Consider the humble loaf of bread. Regular sandwich bread costs a couple of dollars and lasts roughly a week, making it a staple of family lunches. The “artisan,” handmade breads of the Learjet and Prius crowd cost double that and don’t last as long. And while Moss, Pollan, Warner and their legions can afford to waste food and spend extra money to satisfy their “food rules,” the majority of Americans can’t, especially with the current poor economy.

But is food processing really the evil these authors make it out to be? We might start listening to them if they ever give up the “Holy Trinity” of “foodie” goodness: fine wine, fancy sausages, and stinky cheese. All three (despite Warner’s desperate protestation to the contrary in cheese’s case) are processed. There are no wine lakes, cheese trees, or animals made of charcuterie. All are manipulated by humans, have added ingredients, and have been so forever. Before people, they did not exist.

And — quelle horreur — all three have been refined to taste very good! Just ask noted vintner Leslie Rudd, benefactor of the Rudd Center for Professional Wine Studies as well as the “food addiction” think tank, the Rudd Center for Food Policy and Obesity. Eons of trial and error, science, and plant engineering  have left Mr.
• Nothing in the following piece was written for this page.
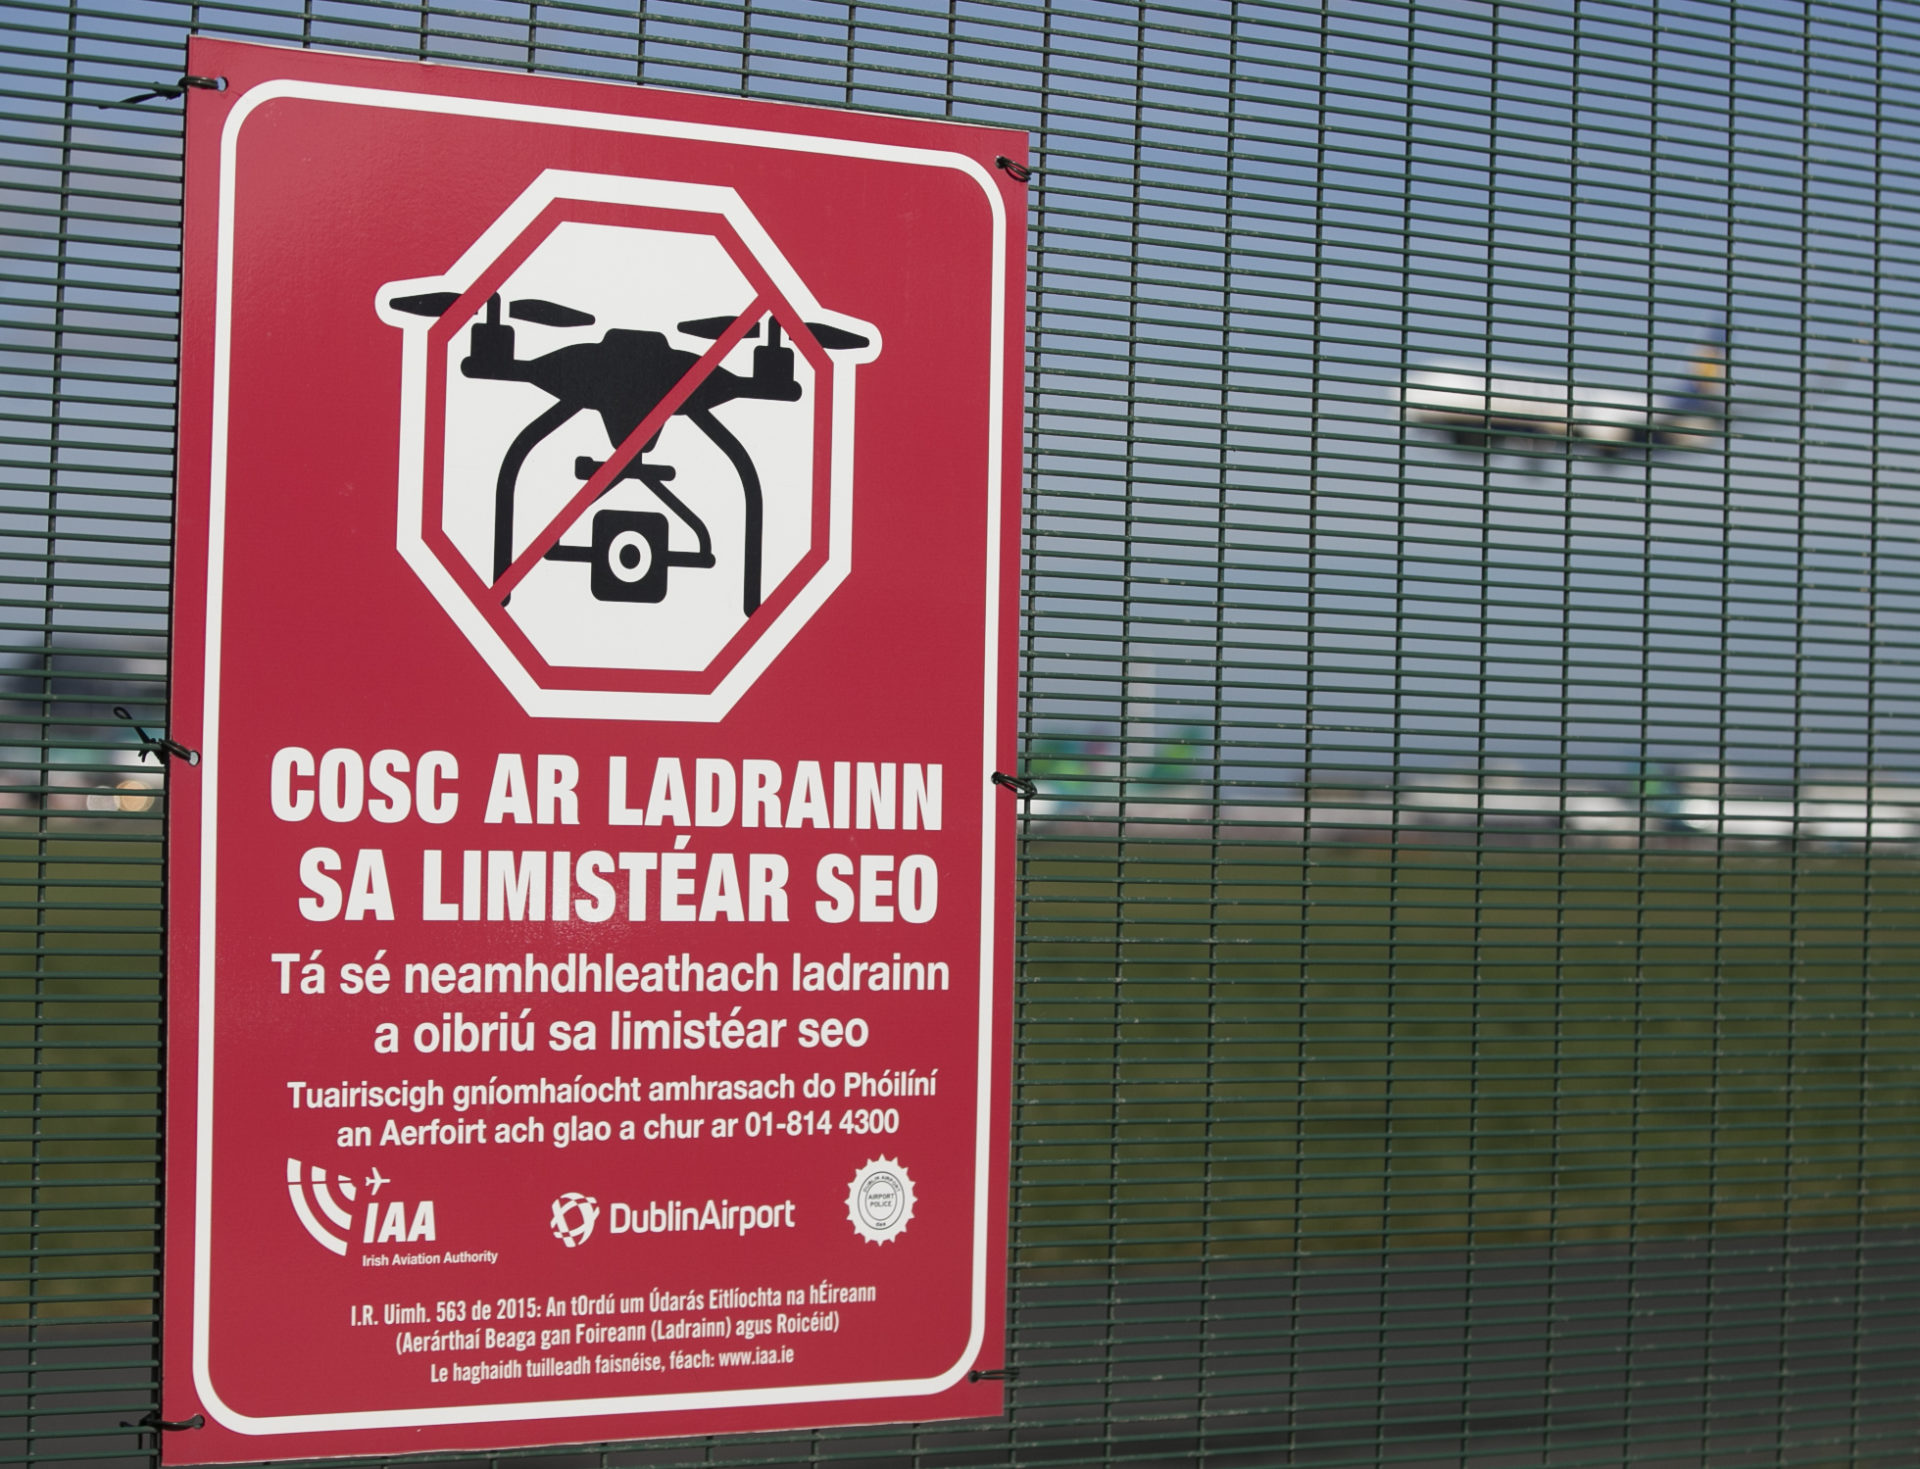 A sign warning against drone use at Dublin Airport

Rudd with a vintage that rates 99 out of 100 possible wine-tasting points. And like they have with wines, the French most famously perfected the tastes of cheese and charcuterie meats (although other cultures made similar efforts).

Additionally, all three have as a benefit a property that Warner uses to bash modern food processing: preservation. Wine keeps longer than grapes. Cheese keeps longer than milk. And almost every meat-eating culture has used sausages as a method to keep meats edible.

These benefits now have been made available to everybody, and only now do our elites think it’s a problem. (Old-time doctors didn’t worry incessantly about a ruling-class “gout epidemic.”) But America is still democratic in character, and recent polling shows that most of us don’t share the jet set’s desire to take away our choices.